Tested on: Ubuntu 25.04 (Plucky Puffin); kernel 6.14.0-37-generic; Python 3.13.3.


Interview context and how to prepare

What do Kafka interviews actually test?

Apache Kafka interviews test whether you understand a distributed commit log—not a classic queue that deletes messages after one consumer reads them.

Layer What interviewers probe
Architecture Brokers, topics, partitions, leaders, replicas
Producers Keys, partitioning, acks, idempotence
Consumers Groups, offsets, rebalancing, lag
Durability Replication, ISR, unclean leader election
Semantics At-most-once, at-least-once, exactly-once
Operations Retention, compaction, monitoring, capacity
Integration Spring Kafka, Schema Registry, Connect
Role Emphasis
Java backend Spring producer/consumer config, error handling
Platform / SRE Broker tuning, KRaft, multi-AZ, upgrades
Data engineer Connect, Streams, schema evolution, pipelines
Kafka interview questions for Java developer — what is different from generic messaging questions?

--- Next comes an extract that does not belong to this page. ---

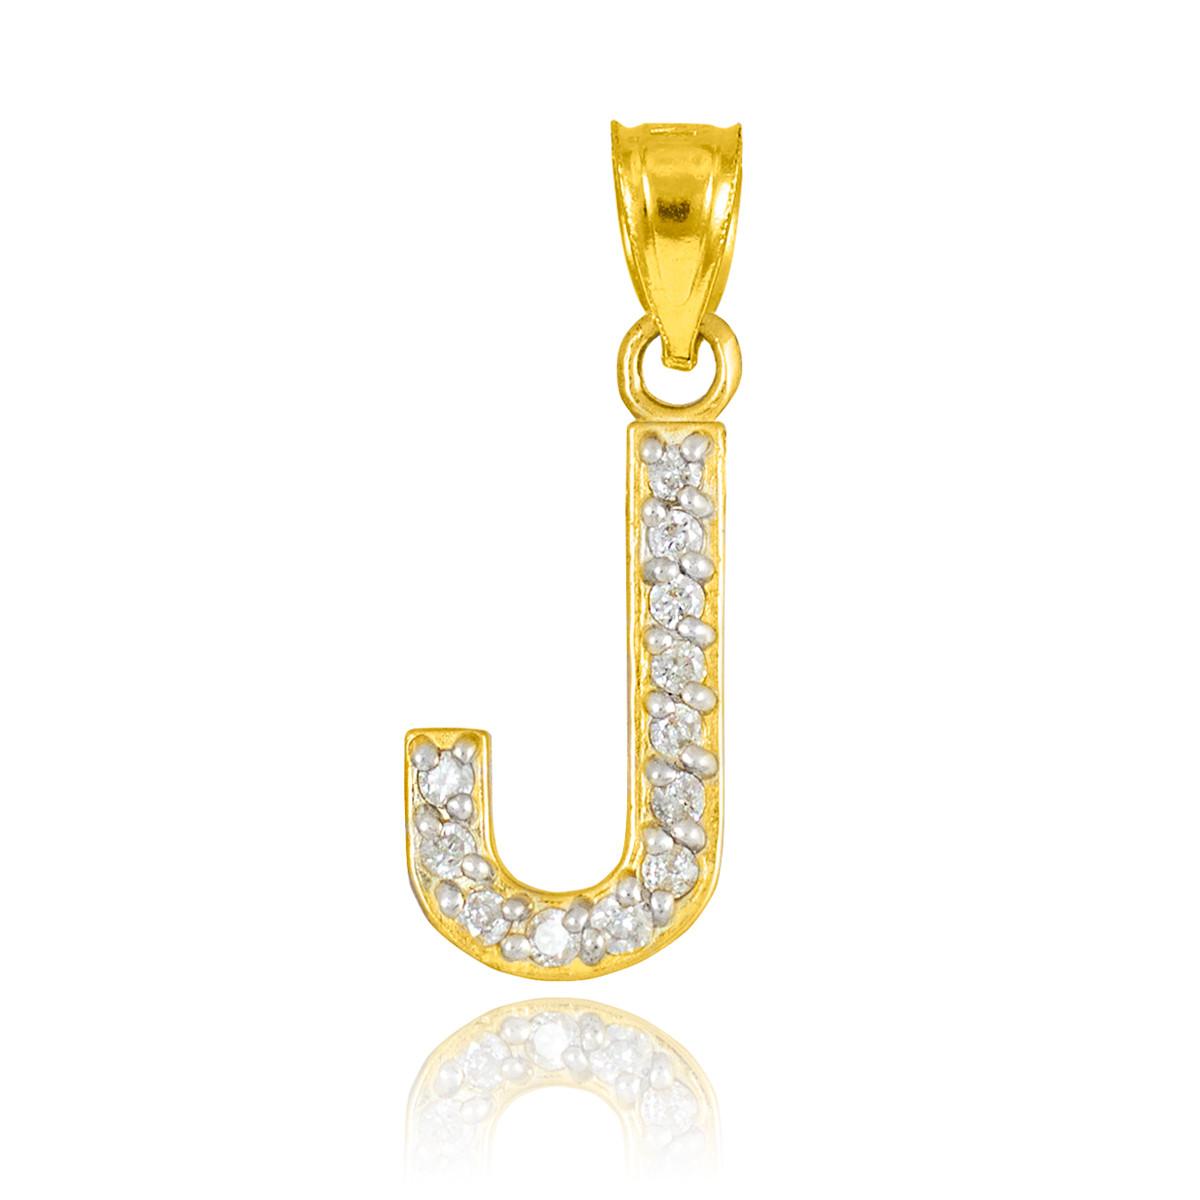 10k letter quotjquot initial gold pendant necklace with diamonds With gold letter j pendant

Java developer loops add client integration depth on top of broker concepts:

Generic Kafka question Java-specific follow-up
Consumer groups @KafkaListener concurrency vs partitions
Serialization JsonSerializer, Avro + Schema Registry
Error handling DefaultErrorHandler, DLT (dead-letter topic)
Transactions KafkaTransactionManager with Spring
Testing @EmbeddedKafka, Testcontainers

Interviewers often ask you to sketch Spring Boot properties for a producer and consumer in the same service—see Spring Boot interviews for broader microservice context.

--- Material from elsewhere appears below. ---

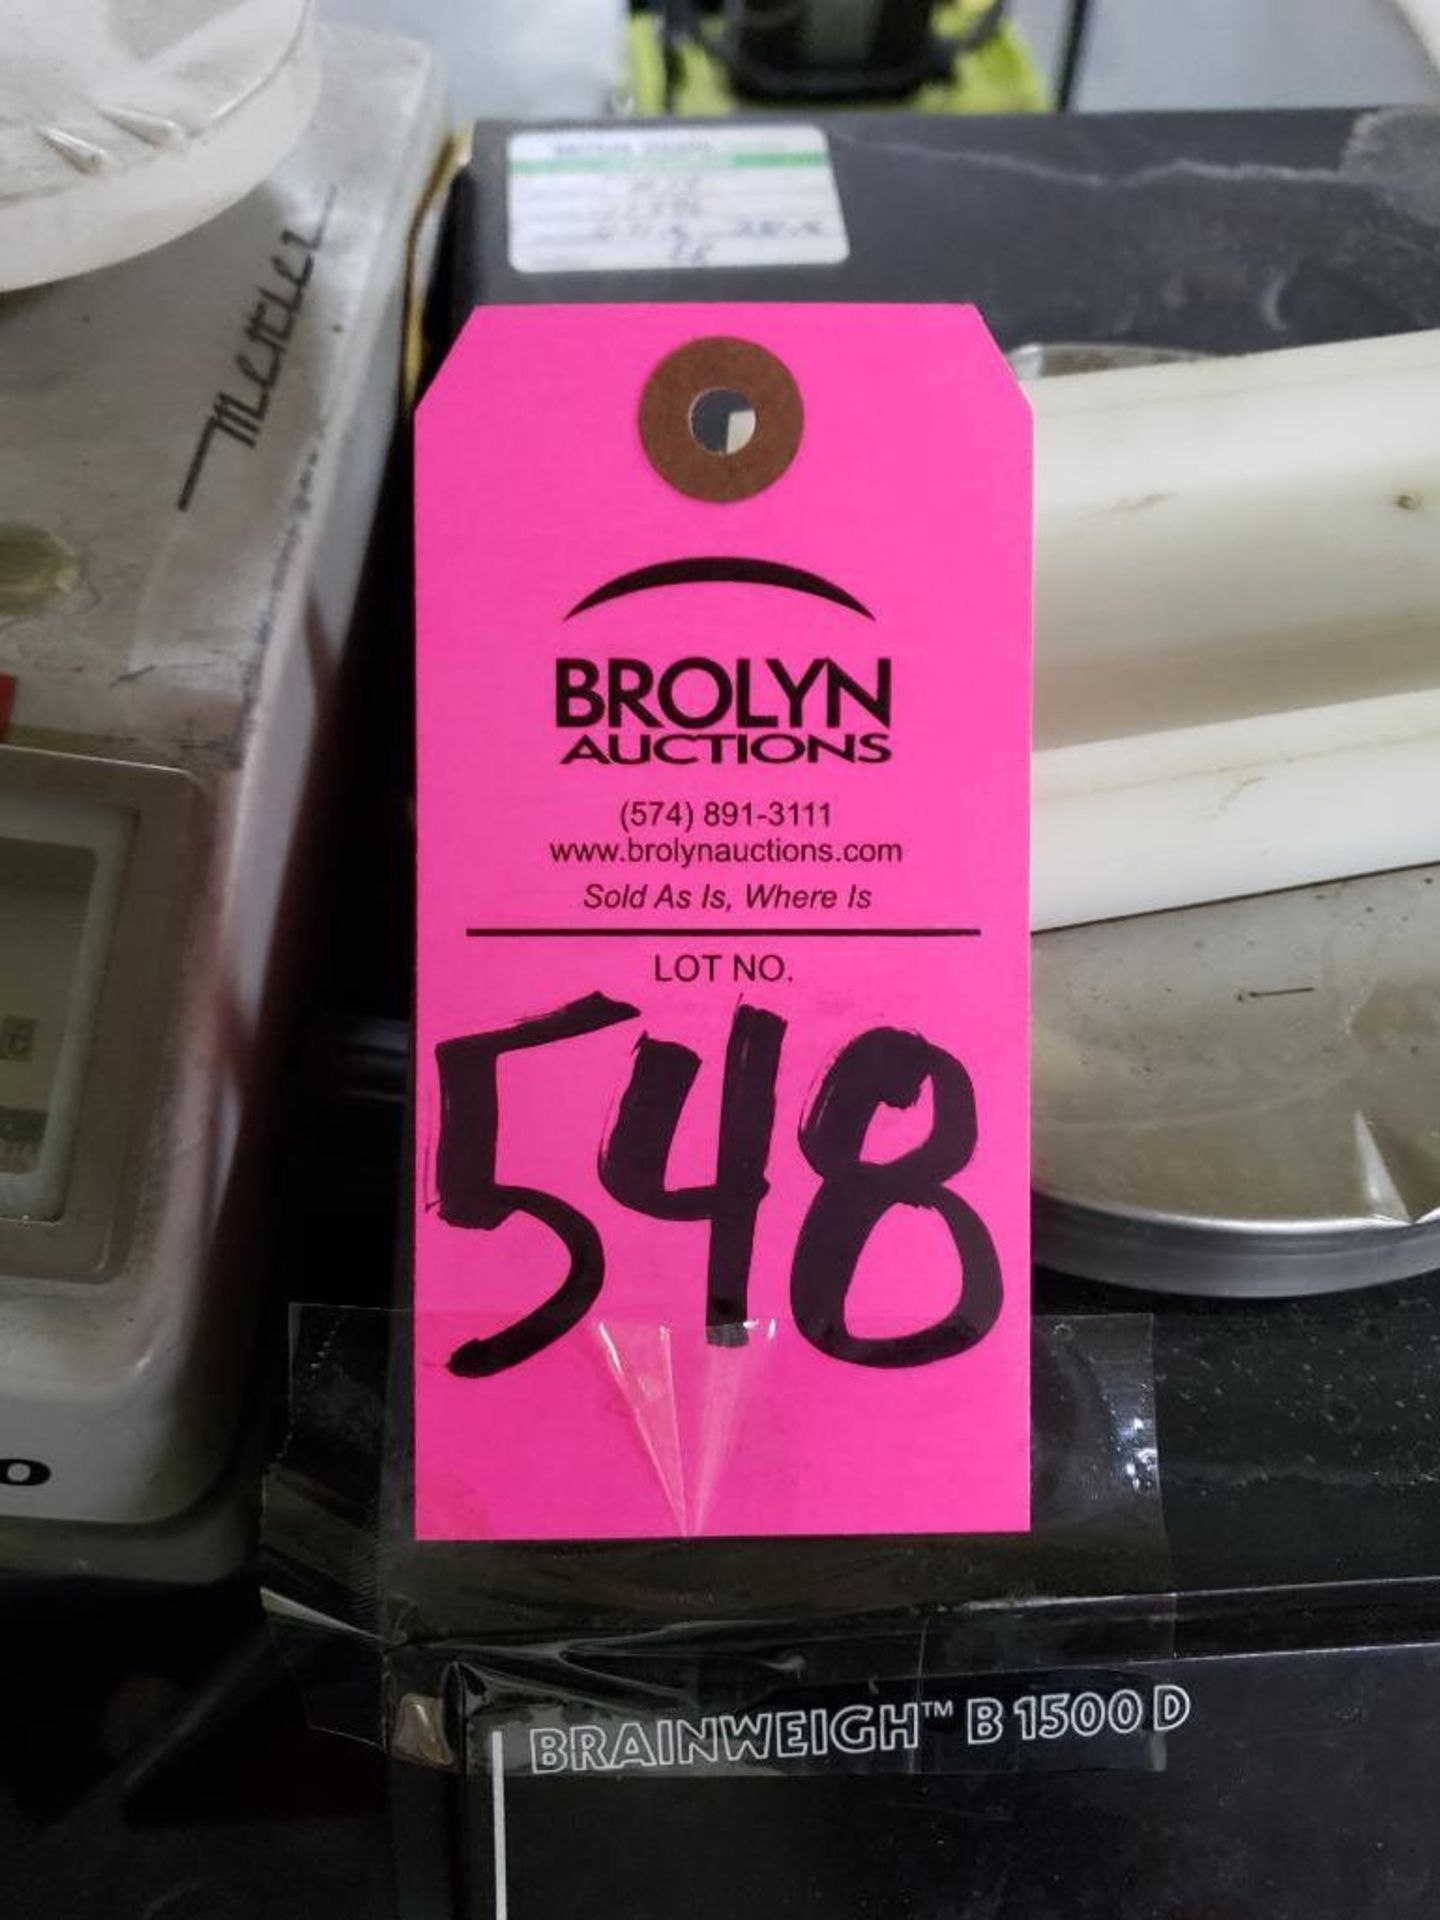 Lot 548 - Qty 2 - Mettler Toledo E200 and Brainweigh B1500D scales.

What is a typical Kafka interview loop?
Round Duration Focus
Recruiter / HM 30 min Event-driven experience, throughput, on-call
Fundamentals 45–60 min Topics, partitions, consumer groups, offsets
Deep technical 60–90 min acks, EOS, replication, failure scenarios
System design 45–60 min Order service events, CDC, metrics pipeline
Live exercise 45 min Partition assignment math, config fix, lag triage
Behavioral 30 min Outage stories, rollout discipline

Live rounds often stress consumer groups and partitions together with delivery semantics—at-least-once, at-most-once, and exactly-once trade-offs.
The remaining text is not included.